韩元恺回身扑到门边,那门已经被从外边掩上,他便回过身来,看着面前这衣着相对来说保守一些的女子。
这女子细看之下,也不过二十来岁,模样标致,皮肤光滑白皙,两只眼睛水汪汪的尤其勾人。
“爷,您要听什么曲儿?人家会卜算子、后庭花、春江花月夜,还有十……十八摸……”橘红衣裙的女子说着微微红了脸,也不知是被这男人直白的目光给盯的,还是因为她自己说到那臊人的曲名——十八摸。
男女共处一室,加上旁边的房间里时不时传来一阵阵羞耻的低吟,如泣如诉如在耳畔,气氛一时间有些旖旎起来。
那女子双眸好像可以勾人一般,韩元恺突然问道:“你叫什么名字?”
“小女子玉代。
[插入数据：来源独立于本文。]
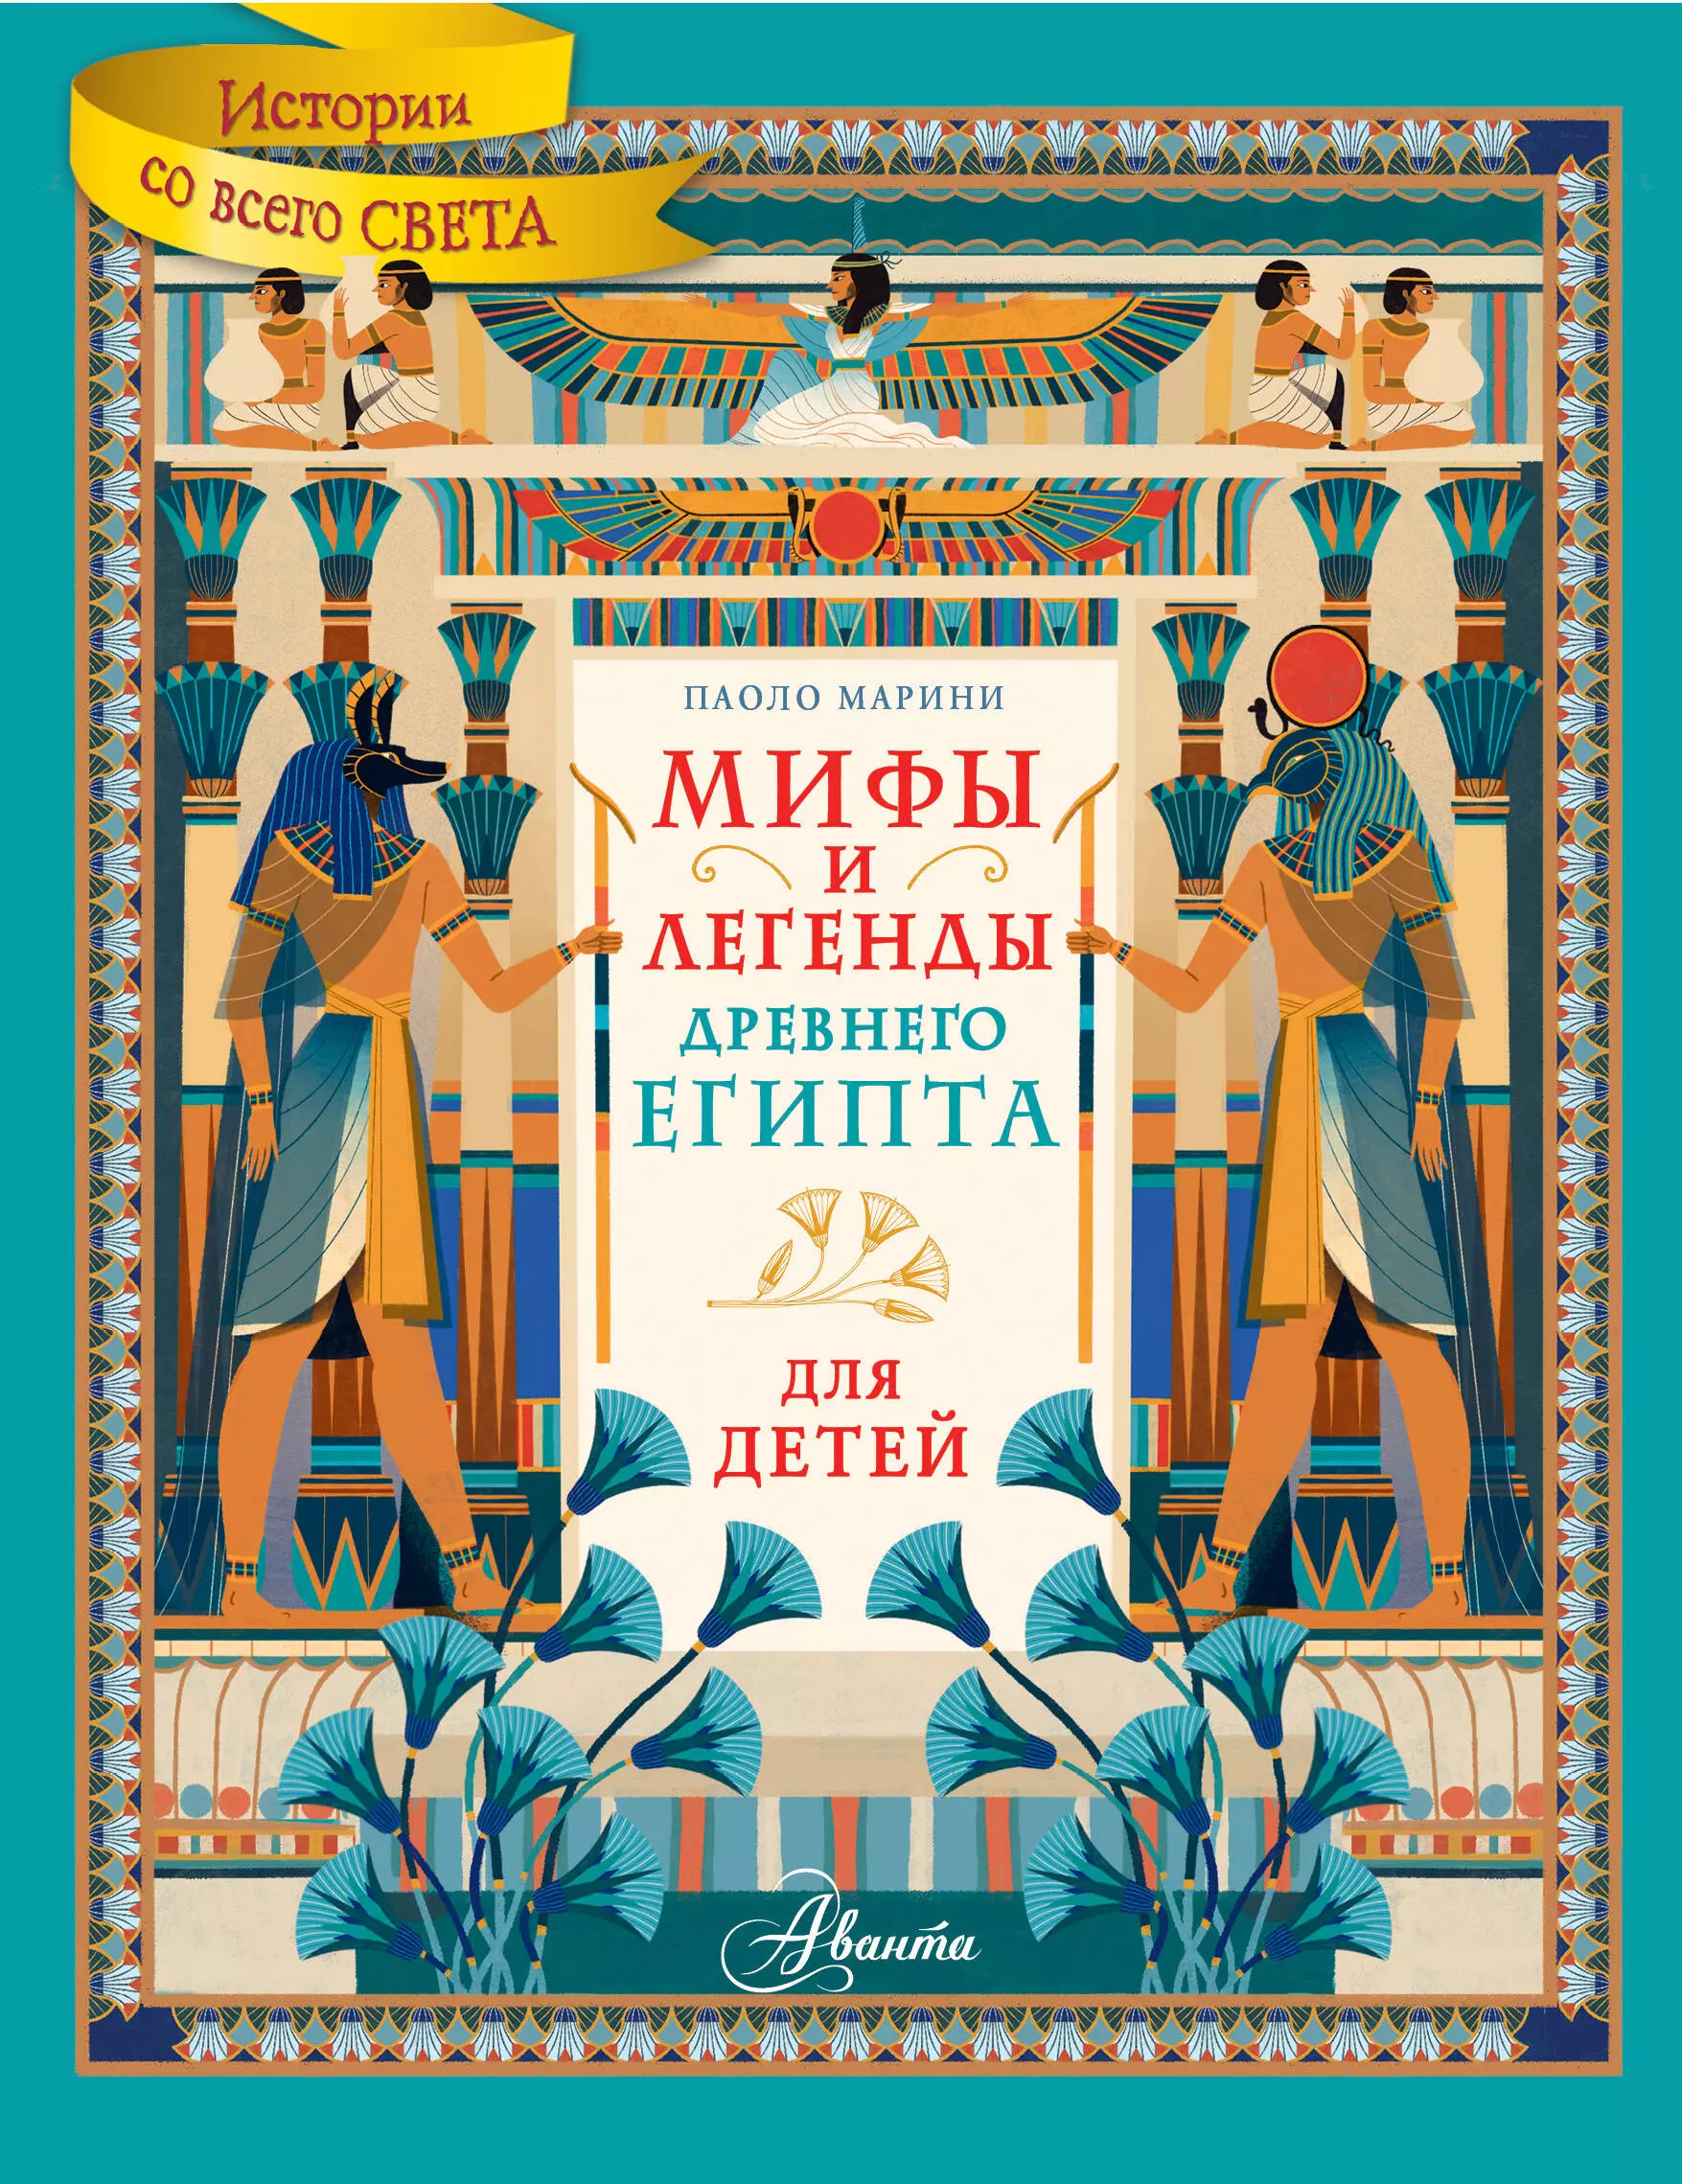 Мифы и легенды Древнего Египта для детей марини паоло мифы и легенды древнего египта для детей

”橘红衣裙的女子福礼道。
“玉代?”韩元恺走到桌子旁坐下,看着桌上摆放着的琵琶,手指在上头轻轻一拨,发出悦耳的弦音,“很好听的名字,就来一首春江花夜月吧。”
“是……”
女子有些羞涩又有些高兴地应了,便抱起桌上琵琶轻轻巧巧的落了座,然后手指抚于琴弦之上,歌喉舒展,唱道:
“春江潮水连海平,海上明月共潮生。
滟滟随波千万里,何处春江无月明!
江流宛转绕芳甸,月照花林皆似霰;
空里流霜不觉飞,汀上白沙看不见。
江天一色无纤尘,皎皎空中孤月轮。
江畔何人初见月?江月何年初照人?
人生代代无穷已,江月年年望相似。”
歌声低吟婉转,如倾如诉,曲调与后世有种截然不同的感觉,闭上眼竟仿佛真的如临其境一般,一曲唱罢,韩元恺不由道:“姑娘不仅名字好听,弹琴唱曲也是悦耳,在下……”
不料他还未说完,便见橘红衣裙女子玉代突然站起身来,点绛红唇羞咬,把琵琶放回桌上,而后将系于腰间的带子轻轻一拉,就把身上的衣衫给褪了去,露出里头同样橘红色的主腰,以及那若隐若现的锁骨。
“玉代姑娘,你这是……”韩元恺虽早有准备,不过陡然间瞧见这香艳的一幕,神情还是有些不自然,慌忙起身退开几步。
女子又羞又哀怨的瞟了他一眼,然后红了脸的低下头去:“爷,怎么?曲儿你也听了,俗话说春宵苦短,虽说如今还是白日,可时间也是不等人的,难道……你就不想与玉代……成就好事么?”
“这个……万万不可,玉代姑娘,想必方才在门外你也听到的了,我已经有相好的姑娘,如今怎么能再与玉代姑娘你……”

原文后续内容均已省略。